This is especially tricky because any variable could be used by another thread unless you take special care to protect it. The problem here is that most languages implement an opt-out sharing model. All data is shared, unless you specifically prevent it. Most data is not protected, and this can lead to many unintended side effects.

Many tools and processes have been built to try and tame the complex world of multi-threading. Many classes will be annotated as ThreadSafe, basically meaning they were designed with multi-threading in mind. However, this does not mean they are foolproof. They are often built to support a particular API which can be misused. For example:

@ThreadSafe
public class MyThreadSafeClass {
    private VeryBigObject mySharedData;
    private boolean initialized;
  
    public void init() {
        mySharedData = new VeryBigObject();
        initialized = true;
    }
  
    public boolean getInitialized() {
        return initialized;
    }
    
    public synchronized void doSomething() {
        mySharedData.doSomethingThreadSafe();
    }
}

This class uses the Java synchronized keyword to make this class ThreadSafe. However, it really is not because it assumes that its user will only call init() once. That is a very easy mistake to make, particularly if it is initialized lazily. Consider the following snippet:

public class MyThreadSafeClassUser {
    private MyThreadSafeClass threadSafeClass = new MyThreadSafeClass();
  
    public void doSomething() {
        if (!threadSafeClass.getInitialized()) {
            threadSafeClass.init();
        }
        
        threadSafeClass.doSomething();
    }
}

An argument can be made that MyThreadSafeClass should have assumed that the API could be misused and synchronized the init() method. That is true, however this shows the ineffectiveness of a ThreadSafe annotation. There are tools which require that ThreadSafe code only calls other ThreadSafe or ThreadLocal code, but these do not take into account possible API misused which is not truly ThreadSafe.

Why You Do Not Need Multi-Threading.

Multi-threading is hard, it adds a singificant amount of complexity to any project and is a heavy maintenance burden. Sanity's take on this, 99% of projects do not need multi-threading. The simple answer is to not use multiple threads when it is not needed. Most applications are not performance intensive enough to require multi-threading because they are typically IO bound.
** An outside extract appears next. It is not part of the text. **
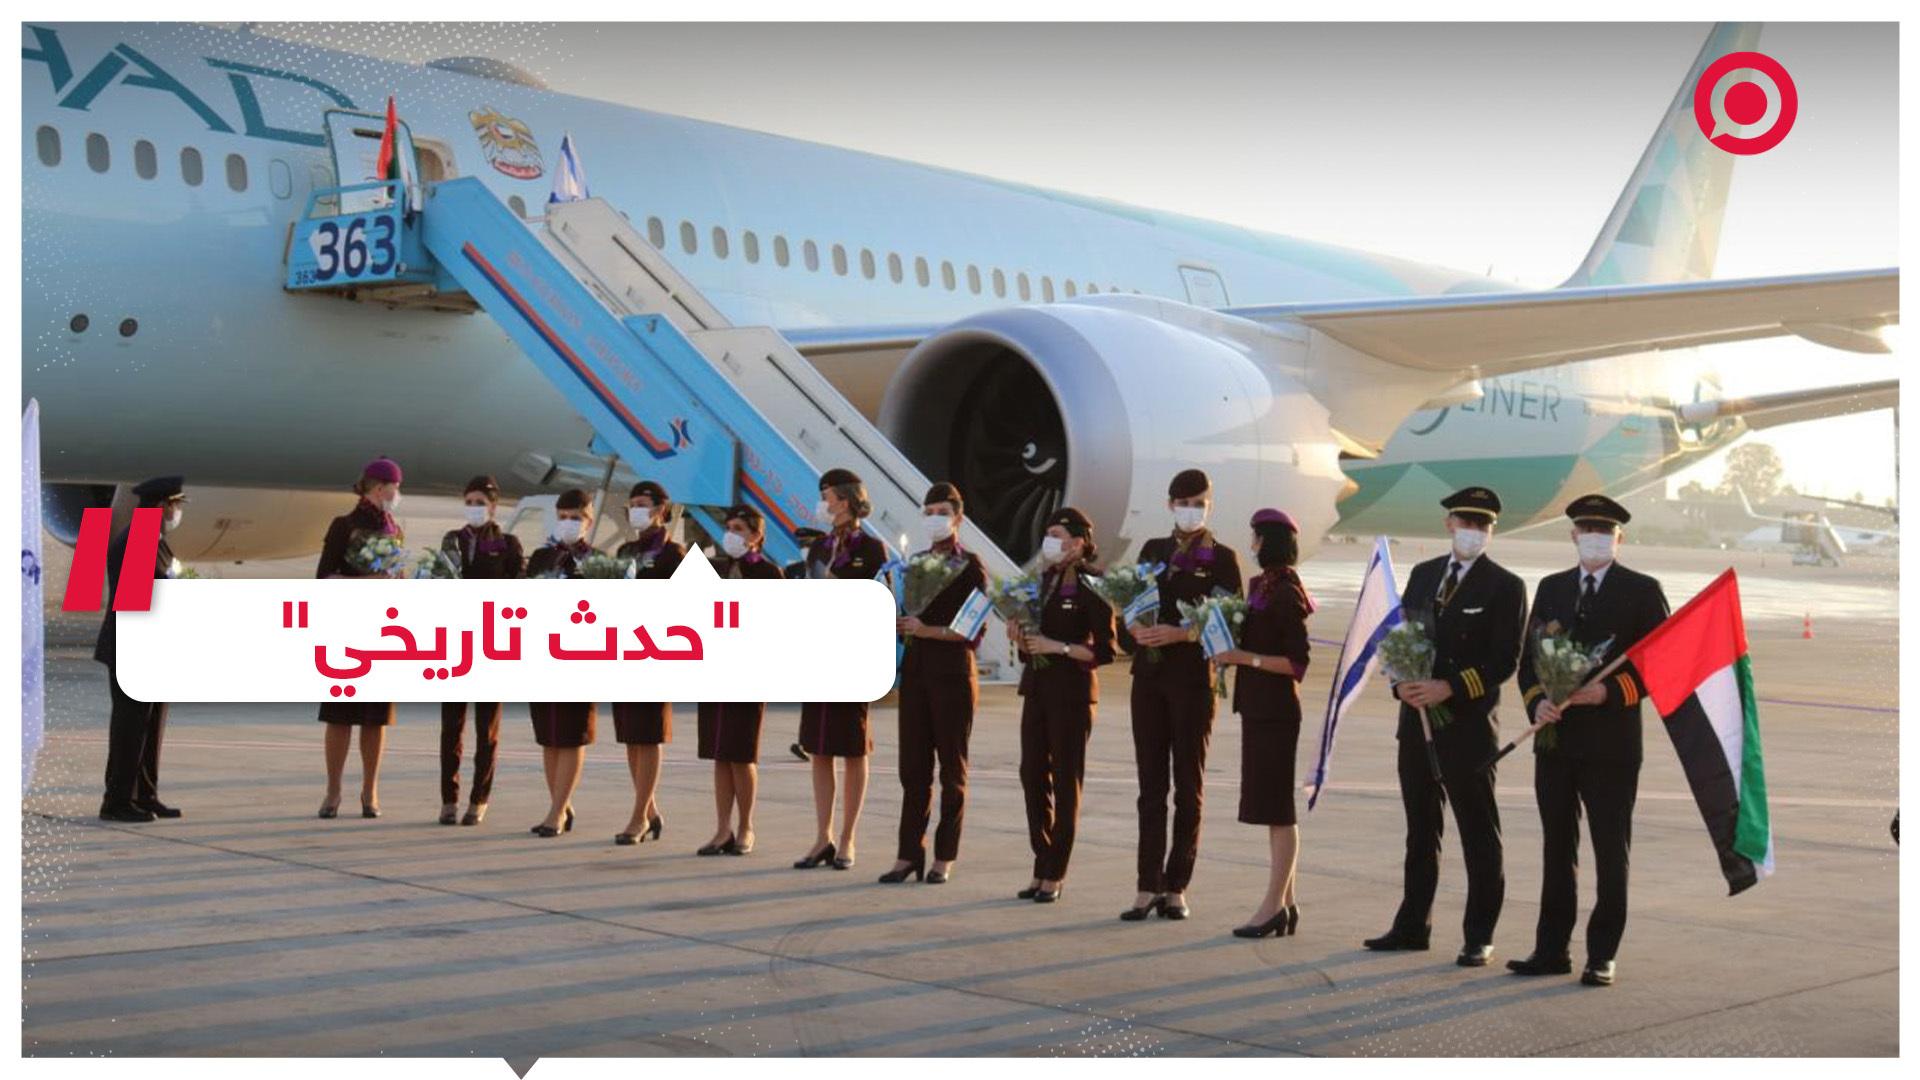 أول رحلة تجارية إماراتية تهبط في مطار بن غوريون الإسرائيلي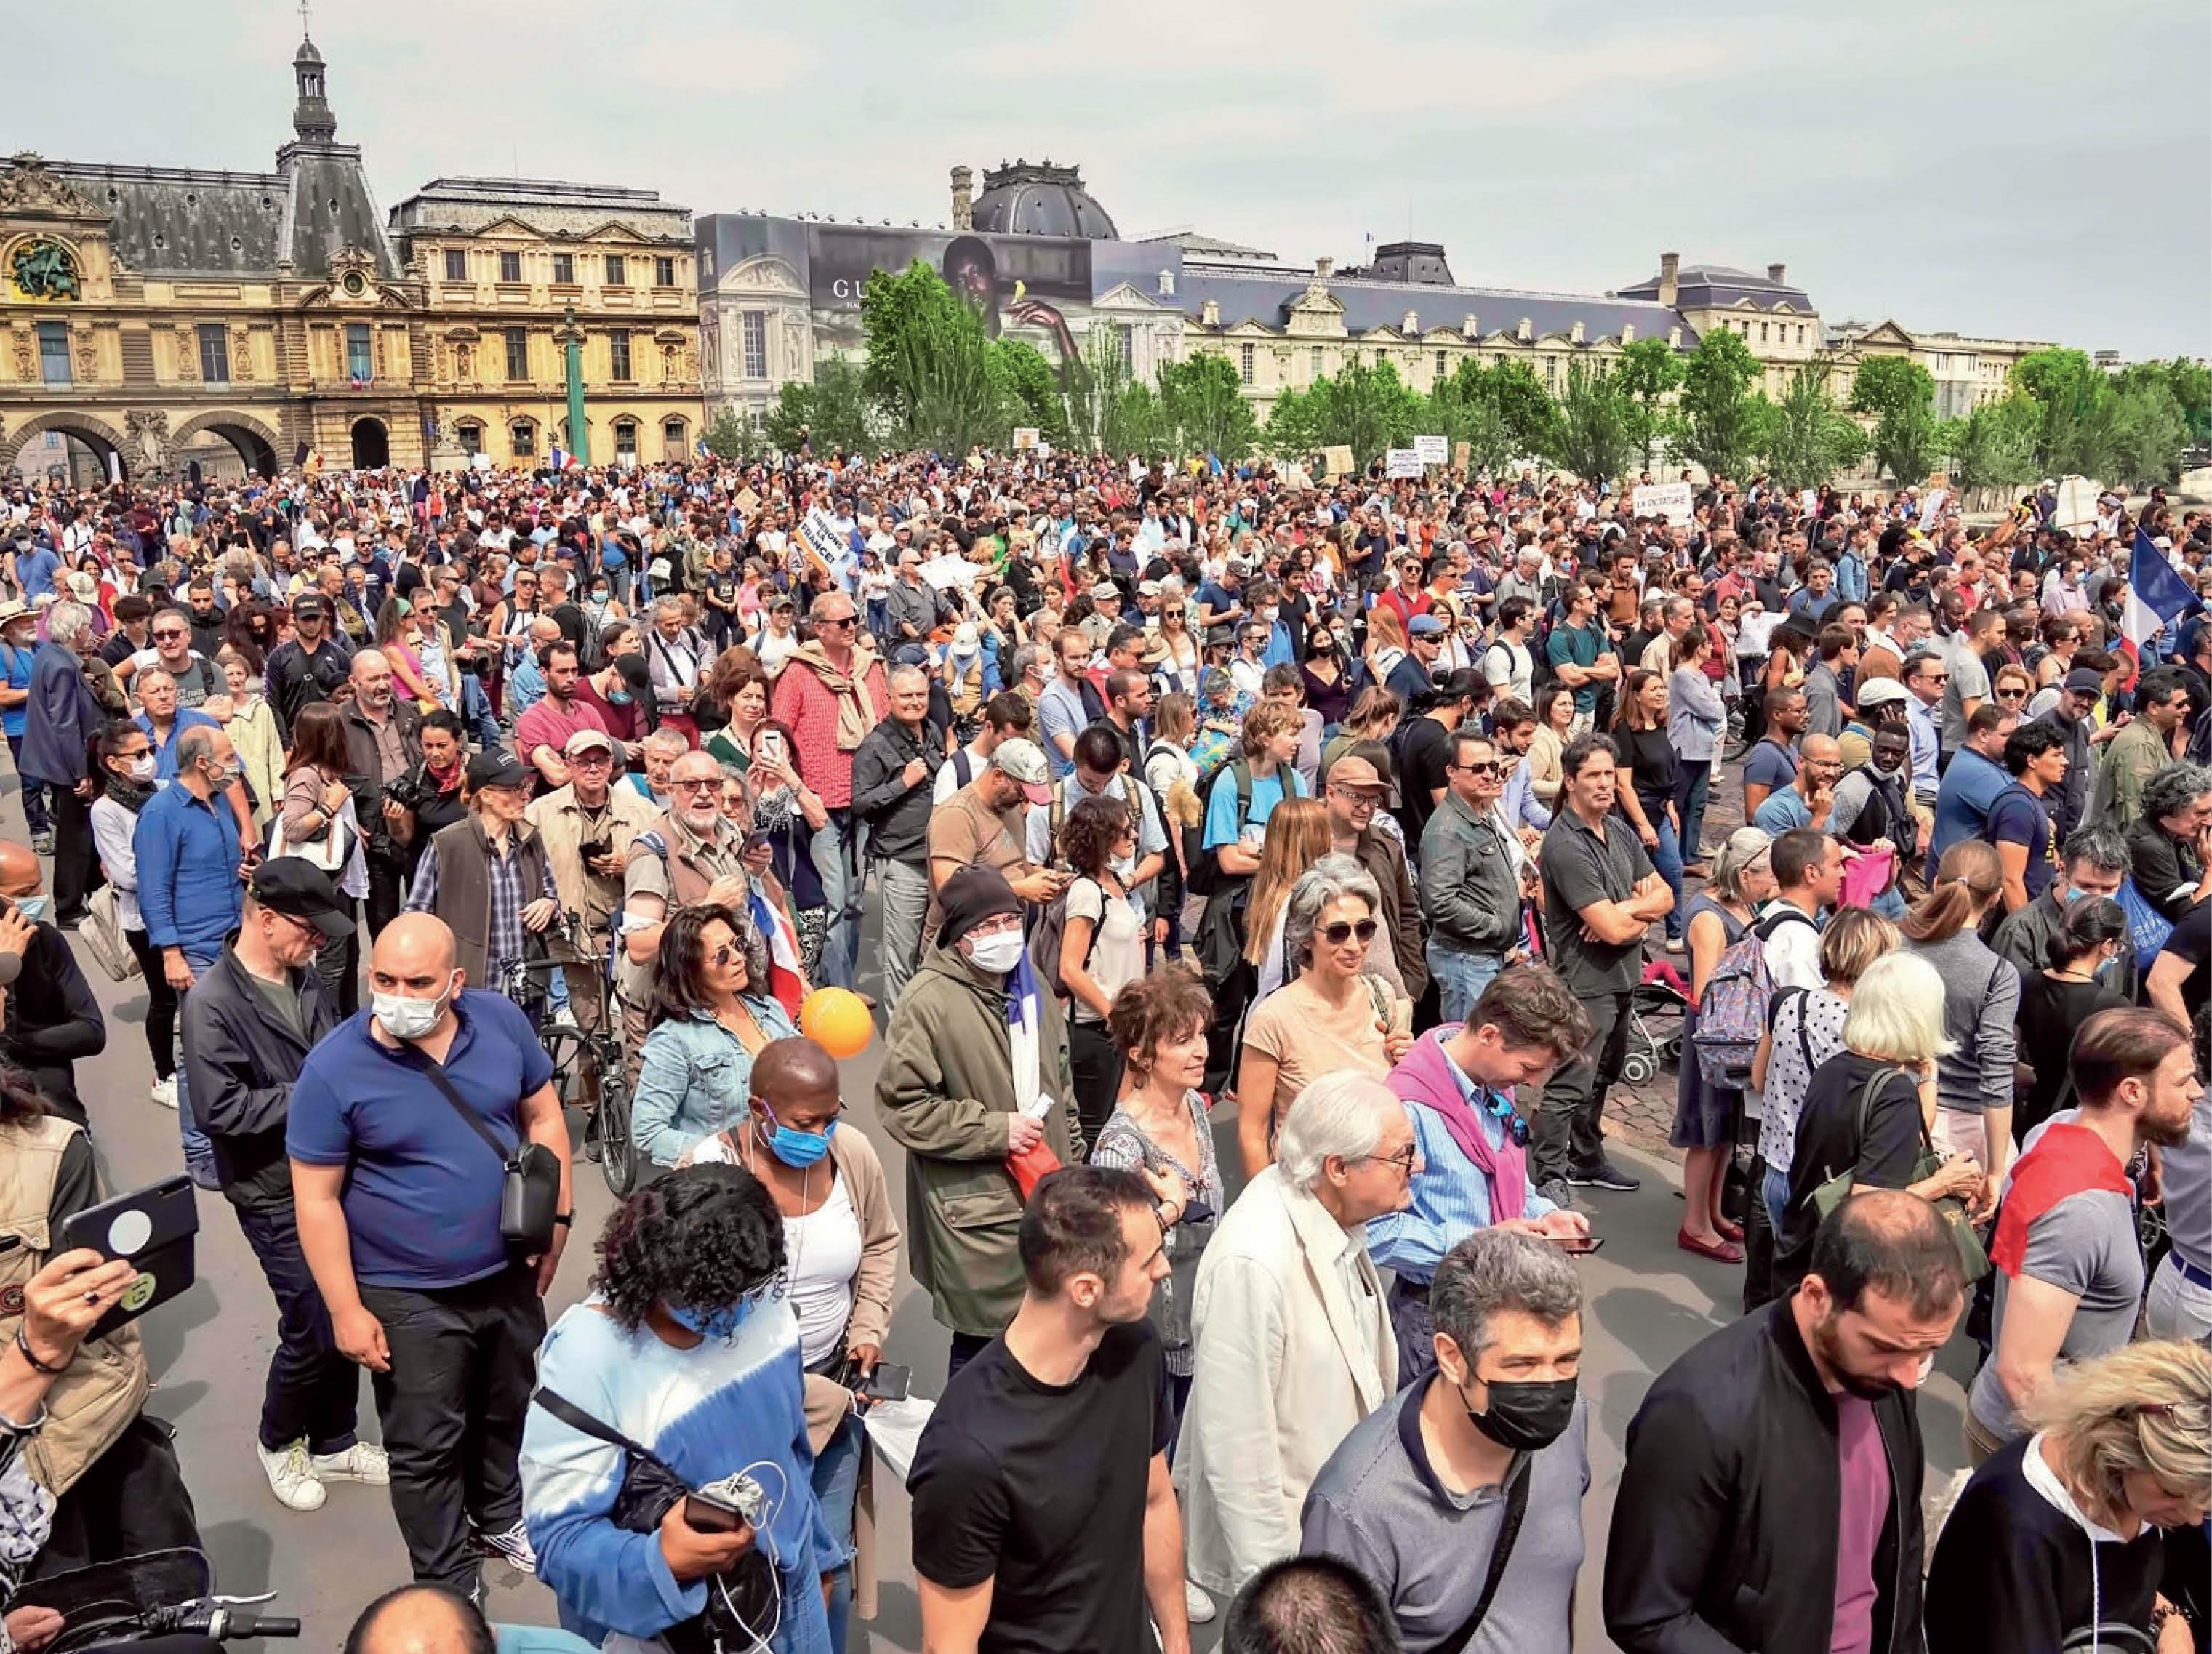 फ्रांस सरकार ने बार और रेस्तरां में प्रवेश के लिए वैक्सीनेशन पास की प्रक्रिया अनिवार्य कर दी है। इसे लेकर फ्रांस में टीका विरोधी प्रदर्शन शुरू हो गया है। एक लाख लोग सड़कों पर उतर आए हैं। उनका कहना है- जो लोग टीकाकरण नहीं चाहते, यह उनकी पसंद की स्वतंत्रता का उल्लंघन है।

IO bound work is when a function is limited by the speed of the Input/Output device it is using as opposed to CPU bound where the processor is the limiting factor. Reading a file is IO bound, because the disk takes a long time to find and read the file, while parsing the file path on the CPU is trivial by comparison. Computing Pi to a million digits is CPU bound because the majority of the work is done on the processor and no network requests/disk reads are required.

Sanity's view is that most modern applications are IO bound. They require network requests and disk reads, while the underlying computation requirements are minimal. Consider a webserver, whose primary job is to serve files, connect to a database, or just call other services which do the real work. Frontend applications are very similar, most of their computing power is saved for rendering the screen, most of the hard computational work is sent to servers via network requests meaning they are really IO bound.

Because most applications are IO bound, the main feature they need is to unblock the main thread. Frontend applications for example should never perform IO work on the main thread because it is slow and will introduce "jank" when the screen draws a little under 60 frames per second. Event systems already provide this feature without introducing the overhead of threads.

In JavaScript, you can simply do:

fetch("/api/user/getById?id=12345").then((res) => {
    // Use response.
});

This code will perform the network request in a non-blocking manner, allowing the main thread to continue to paint the UI. When done, the response is returned as callback via the Promise API. Modern tricks like async/await can be used to make this a little cleaner, but the important aspect is that multiple threads are not needed. Race conditions are incredibly limited in a language like JavaScript (excluding JavaScript workers which break this concept). A simple x++ can never be a race condition because of JavaScript's single-threaded nature.

Of course this does not completely solve the problem of race conditions, but it limits them to callback boundaries:

let myUser = User.fromId(12345);
fetch(`/api/user/getById?id=${myUser.id}`).then((res) => {
    return res.json(); // Have to process the response as json asynchronously.
}).then((json) => {
    // POSSIBLE RACE CONDITION: `myUser` may have changed.
    myUser.updateFromJson(json);
});

This can be a little easier to see with async/await:

let myUser = User.fromId(12345);
const res = await fetch('/api/user/getById?id=${myUser.id}');
const json = await res.json(); // Have to process the response as json asynchronously.

// POSSIBLE RACE CONDITION: `myUser` may have changed.
myUser.updateFromJson(json);

Race conditions are still possible, but only when a read/write occurs around a await boundary. This drastically reduces the space of potential race conditions and makes them much easier to identify and correct. This means that the developer can think in a single-threaded mindset, and only needs to consider timing issues as they relate to long-running IO work. Features like locks and monitors are rarely needed in JavaScript because it's all single-threaded. This model makes things inifitely easier to reason about than traditional multi-threading concepts.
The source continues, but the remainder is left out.